Interesting. I thank everyone for going more in depth about PDF toxin. The book I have pretty much stated that they lose their toxins in captivity and thats it. Makes me want to take organic chem next semester lol.


----------



## KeroKero (Jun 13, 2004)

We all mess with animals that are toxic, some on higher levels than others. How many of us have messed with a toad in our back yard? They can be more dangerous than some of the PDF species - even wild caught - that we mess with. Ideally we shouldn't be doing anything with either animal that would involve ingesting toxins...

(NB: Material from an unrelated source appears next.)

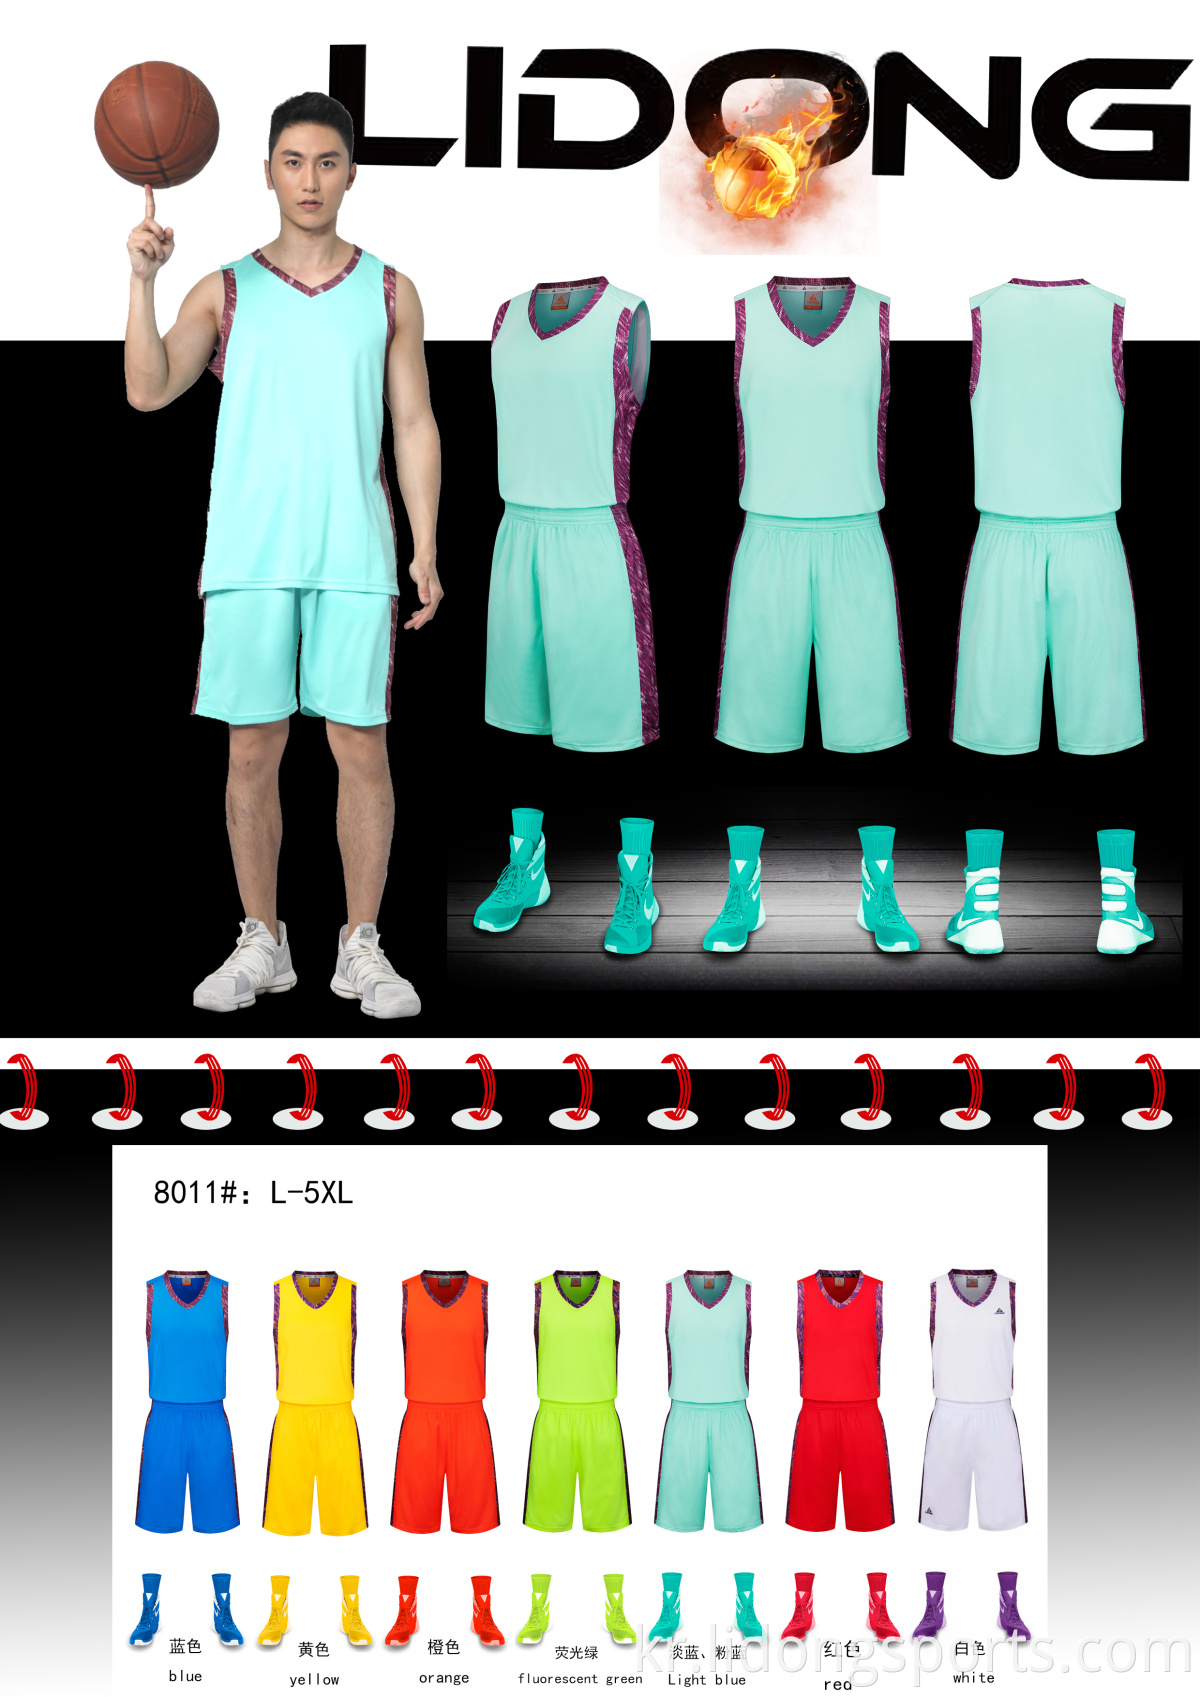 디자인 멀티 컬러 승화 학교 농구 유니폼 맞춰진 농구 유니폼 디자인

And while it sounds like the keeper was a candidate for the Darwin awards (ok, in some ways he was) there are a few things to take away from it... the complexity of what makes our animals toxic, how to correctly handle a frog when treating it (which is how the frog got stressed out), and when your finger tingles from contact with the frog do NOT lick the finger to see what happens! The terribilis were many times captive born and fed the same diets as we all feed our frogs pretty much, and how many times have we heard that CB frogs are nontoxic? Correction - LESS toxic, PDFs can make some minor chemicals on their own, but the big players seem to come from diet (in one of the articles that proposed this theory, using auratus, there were still some chemicals produced in small amounts, people always seem to skip that part of the paper since it amounted to nothing serious). If you have to handle these animals, use gloves for the safety of yourself and the frog (especially the frog, we can have some nasty chemicals - to a frog - on our hands). If your skin tingles from coming in contact with a frog, wash the skin, do not lick :roll:


----------



## r90s (Jun 13, 2006)

Check out this link.
http://lists.frognet.org/htdig.cgi/frognet-frognet.org/2005-January/013412.html


----------



## Baltimore Bryan (Sep 6, 2006)

i was watching a show on discovery channel and it described PDF's poisons and how they are used for medicine. they mentioned a specific type of beetle (can't remember off the top of my head but i taped it on video, maybe i'll watch it) that was eaten by the frogs and gave them the toxicity. i thought it was strange because it said that same kind of beetle is found in New Giuniea (sorry for the bad spelling) and was eaten by a kind of bird. that type of bird actually is poisonous and the explorer who found the bird died when he caught it... i think the beetle gave off batrachatoxins, but i could be wrong. i don't think its eaten by all PDF's, just a few. hope it helps


----------



## bbrock (May 20, 2004)

Here's the abstract to the paper about melyrid beetles, pitohui birds, and batrachotoxins.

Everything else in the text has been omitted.